La carence de 3 mois de la sécurité sociale au retour en France (2026)

Délai d'attente de 3 mois entre l'arrivée en France et l'ouverture des droits sécurité sociale. Comment fonctionne la carence, qui est concerné, comment vous couvrir.

Par Anne-Laure Fréant 6 min de lecture

En résumé

La carence de la sécurité sociale est un délai d'attente de 3 mois entre votre retour définitif en France et l'ouverture de vos droits à la Protection Universelle Maladie (PUMA). Elle ne concerne que les personnes sans activité professionnelle : si vous reprenez un emploi salarié ou une activité indépendante dès le retour, vous êtes affilié immédiatement à l'Assurance Maladie. Pour les rentrants inactifs (retraités, recherche d'emploi, conjoints au foyer, étudiants), trois options existent pour couvrir la carence : maintenir la Caisse des Français de l'Étranger (CFE) le temps de la transition, souscrire une assurance santé privée temporaire, ou prendre le risque de ne pas vous couvrir (fortement déconseillé). Le dossier d'ouverture des droits se dépose auprès de la CPAM dès l'arrivée, sur ameli.fr, avec une attestation de fin de couverture étrangère et un justificatif de domicile en France. Comptez en pratique 2 à 3 mois de traitement par la CPAM, puis 6 à 8 semaines pour recevoir la carte vitale.

En bref

  • La carence dure 3 mois à compter de l'établissement d'une résidence stable et effective en France
  • Elle ne concerne que les rentrants inactifs : les salariés et indépendants sont affiliés immédiatement, sans délai d'attente
  • Pour les inactifs, elle peut être couverte par la CFE, une assurance privée temporaire, ou évitée si un proche vous rattache comme ayant droit
  • Le dossier d'ouverture des droits PUMA se dépose dès l'arrivée auprès de la CPAM via ameli.fr

C’est la première mauvaise surprise du retour. Vous arrivez en France, vous pensez retrouver immédiatement votre couverture santé d’avant — et vous découvrez qu’il faut attendre trois mois avant que la sécurité sociale ne vous prenne en charge. Cette carence est documentée dans tous les guides officiels, mais peu d’expatriés en mesurent les conséquences avant de rentrer. Voici comment elle fonctionne, qui est concerné, et comment vous protéger pendant cette période.
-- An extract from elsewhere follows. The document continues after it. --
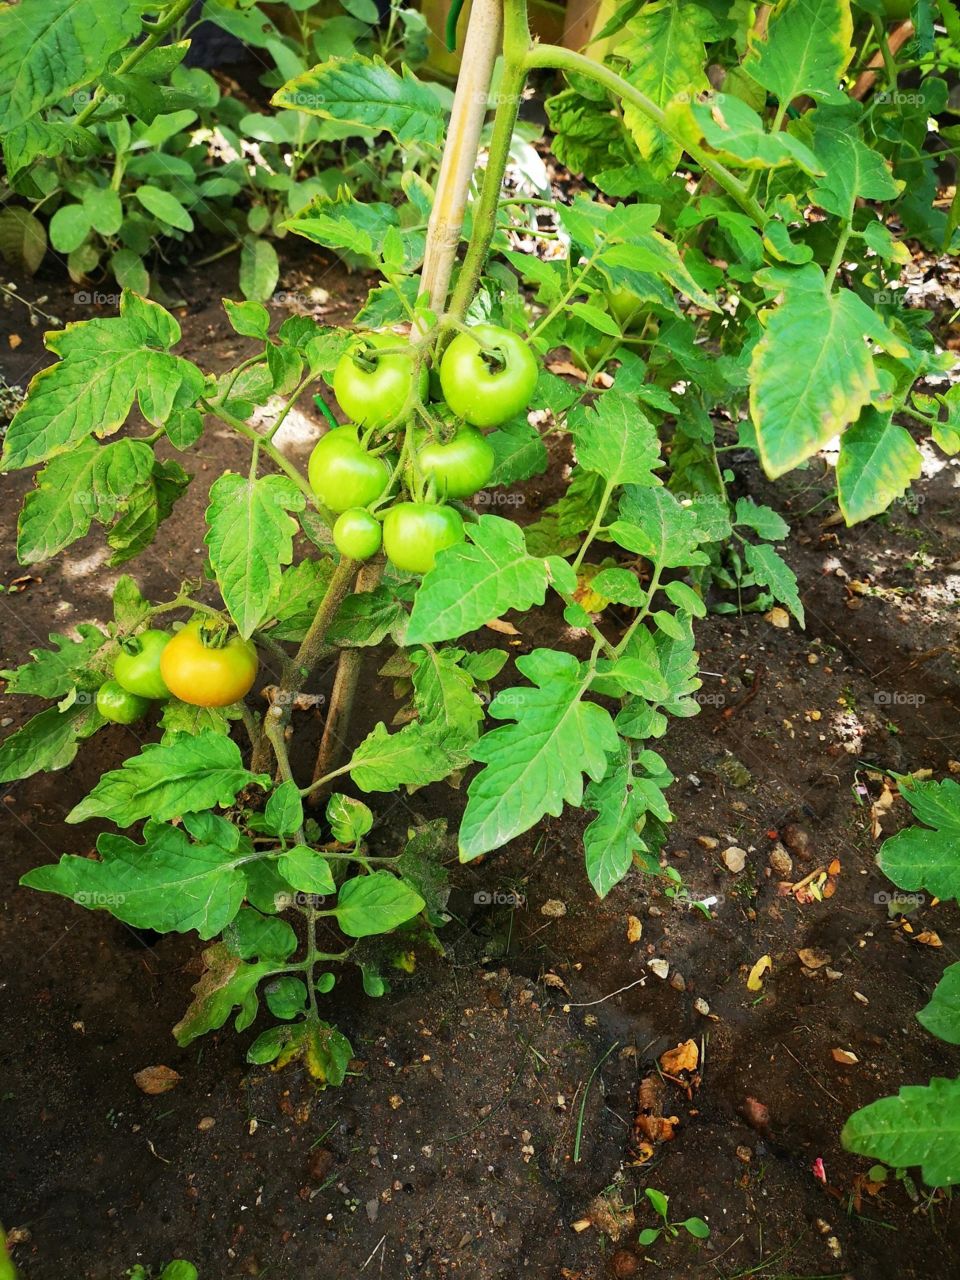 Tomato plants

Qu’est-ce que la carence de 3 mois ?

La carence est un délai d’attente entre votre retour en France et l’ouverture de vos droits à la Protection Universelle Maladie (PUMA), le régime de base de la sécurité sociale française.

Pendant ces 3 mois, vous n’êtes plus couvert par votre régime étranger (parce que vous l’avez quitté) et vous n’êtes pas encore couvert par le régime français (parce que la PUMA exige une résidence stable et effective d’au moins 3 mois). Vous tombez dans un trou de couverture si vous ne l’avez pas anticipé.

Important : la carence ne signifie pas qu’on vous refuse l’accès aux soins. Vous pouvez toujours consulter, être hospitalisé, acheter des médicaments. Mais sans couverture, vous payez tout au prix fort — et certaines factures peuvent atteindre plusieurs milliers d’euros pour une intervention banale.

La carence existe pour des raisons de lutte contre la fraude : éviter qu’une personne arrive en France juste pour bénéficier de soins gratuits puis reparte. Elle s’applique de manière uniforme, indépendamment de votre nationalité ou de votre pays de provenance.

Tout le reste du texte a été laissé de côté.